Sherwood had already made his way through the kitchen to the back door and was now attempting to haul it open. It was stuck. He cursed it ripely, kicked it, and tried again. Either the kicks or the curses did the trick. With the hinges objecting noisily, and the rotted wood around the handle threatening to splinter, it opened up. What lay beyond was a wall of green, the bushes, plants and trees that had once been the Donnellys' little Eden now a jungle. Frannie didn't hesitate. She plunged into thethicket and ploughed through it, raising lazy swarms of seeds as she went. Rosa plunged after her, stumbling a little, her breath raw.

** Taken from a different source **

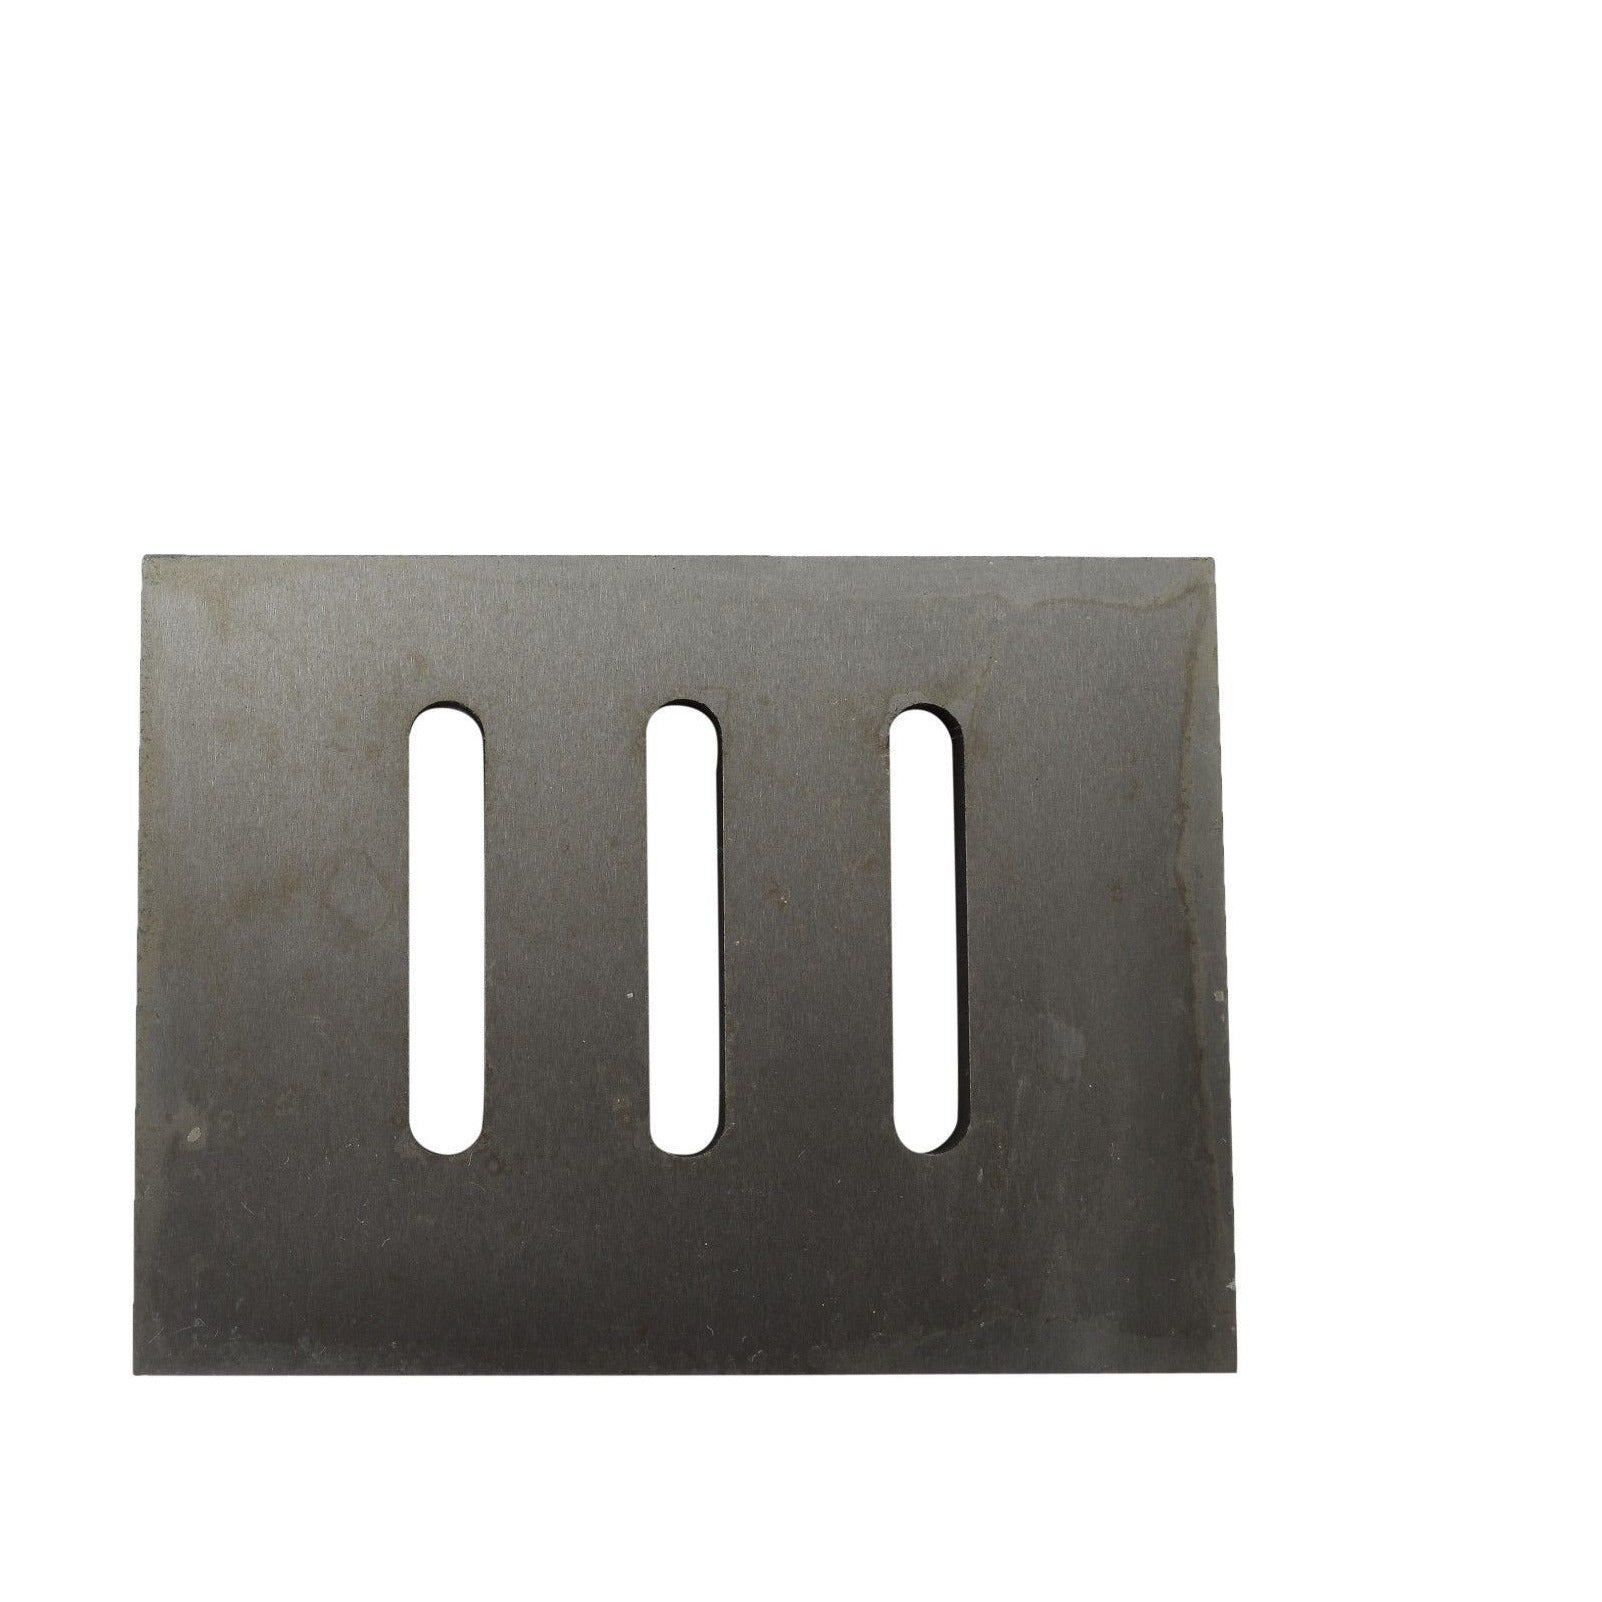 Cast Iron Angle Plate 8" x 6" x 5". Precision Tool. Machining/ Milling/ CNC.

'I see the gate!' Frannie called back to Sherwood, and was within half a dozen strides of it when Rosa said:

'My bags! I left my bags.'

'Forget them!' Frannie said.

'I can't,' Rosa said, turning around to head back to the house. 'My life's in there.'

'I'll fetch them!' Sherwood said, sweetly delighted to be of service, and darted back towards the house, with Frannie telling him to be quick about it.